Blood samples were obtained at the initial visit to our clinic and stored at −80°C until required for analyses. The RBP4 concentrations were determined from each sample via commercially available enzyme-linked immunosorbent assays (R&D Systems). Testing was performed in triplicate and mean values reported. Precision of RBP4 concentration measurements was reflected in the intra-assay (5.7%-8.1%) and interassay (5.8%-8.6%) precision coefficients of variation. The TTR concentrations were determined in the clinical laboratory of the Pathology Department of Boston Medical Center by immunoturbidity assay (Abbott Laboratories). Determination of the TTR genotype was performed at the Boston University Amyloidosis Center via a 2-step process that involved serum screening for a TTR mutant protein by isoelectric focusing as previously described⁵ and identification of the TTR mutation by direct nucleotide sequencing of amplified genomic DNA on samples where a mutant was detected. Polymerase chain reaction sequencing of all 4 exons was performed for completeness to identify multiple mutations, as opposed to targeted polymerase chain reaction for exon 4 that contained the V122I polymorphism. The patients identified as V122I carriers from the prospective analysis were subsequently referred to the Boston University Amyloidosis Center for confirmation of cardiac amyloid phenotype by advanced imaging (cardiac magnetic resonance imaging or technetium Tc 99m pyrophosphate scintigraphy) and/or by endomyocardial biopsy. In the prospective arm, technicians (G.G.C., C.T.-A.) and investigators (M.A., C.M.K., M.P.V., D.R.J., J.L.B., L.H.C., F.L.R.) analyzing the samples for biomarkers and performing medical record review of clinical, echocardiographic, and electrocardiographic characteristics were masked to the results of genotyping for V122I during data collection.

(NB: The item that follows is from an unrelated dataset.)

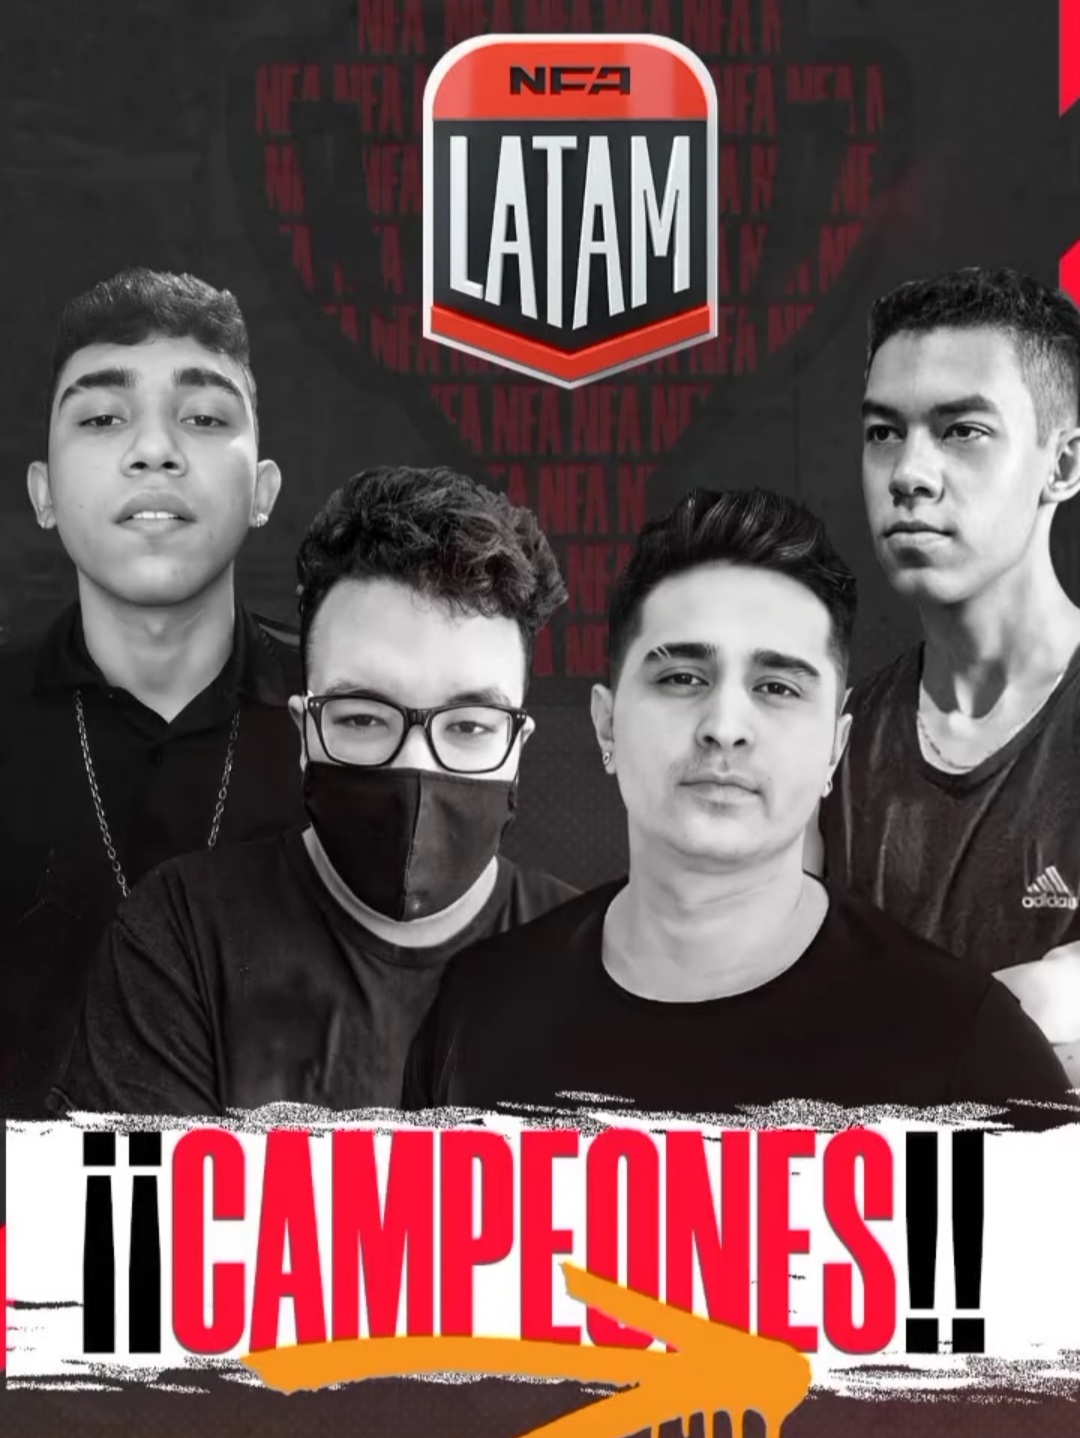 Naguará Campeã NFA Latam 1

The Mann-Whitney Wilcoxon test or the 2-tailed, unpaired t test for continuous variables (depending on the distribution of data) and χ² tests for categorical variables were used in pairwise comparisons between participants with ATTR V122I amyloidosis and controls with nonamyloid HF. Associations between continuous variables were assessed using the Spearman correlations. To assess whether RBP4 was independently associated with ATTR V122I amyloidosis, logistic regression was performed while controlling for potential confounders, including age, sex, body mass index (BMI) (calculated as weight in kilograms divided by height in meters squared), history of diabetes, cardiac biomarkers, and echocardiographic characteristics. The ability of RBP4 to discriminate between ATTR V122I amyloidosis and nonamyloid cardiomyopathy was assessed by receiver operating characteristic (ROC) analysis and calculation of the sensitivity and specificity of different RBP4 thresholds for the diagnosis of ATTR V122I amyloidosis by the ROC thresholds.¹⁶

For the development of an assessment tool that maximized the diagnostic potential of noninvasive characteristics, multivariable logistic regression models were created using independent variables preselected as having a potentially useful diagnostic role based on a prior study⁵ on ATTR V122I amyloidosis and on biological data. For 37 patients who had missing values in at least one of the predictor variables, multiple imputation was performed using predictive mean matching to fill in the missing values.¹⁷ Least absolute shrinkage and selection operator (LASSO) regression was used to select the predictors of ATTR V122I amyloidosis that provided the optimal diagnostic value while minimizing overfitting.¹⁸ The LASSO regression shrinkage parameter was determined using 10-fold cross-validation within each imputed data set. Details regarding the logistic regression analysis for the prediction rule for ATTR V122I amyloidosis can be found in the eMaterial in the Supplement. The goodness of fit of the LASSO regression prediction rule to the patient data was estimated by the Hosmer-Lemeshow test¹⁹ and by drawing calibration plots. To visualize the results of the model and its diagnostic potential, we plotted the ROC curve from the predicted probabilities from the rule and the ATTR V122I amyloidosis diagnosis. The prediction rule was subsequently tested on the validation cohort to assess its discrimination and goodness of fit. R statistical software, version 2.3.2²⁰ was used in all statistical analyses. Multiple imputation with predictive mean matching was performed using the mice R package,¹⁷ whereas LASSO regression was performed with the glmnet package¹⁸ and the ROC analysis with the pROC package.¹⁶ Statistical significance was set at P < .05 for all comparisons.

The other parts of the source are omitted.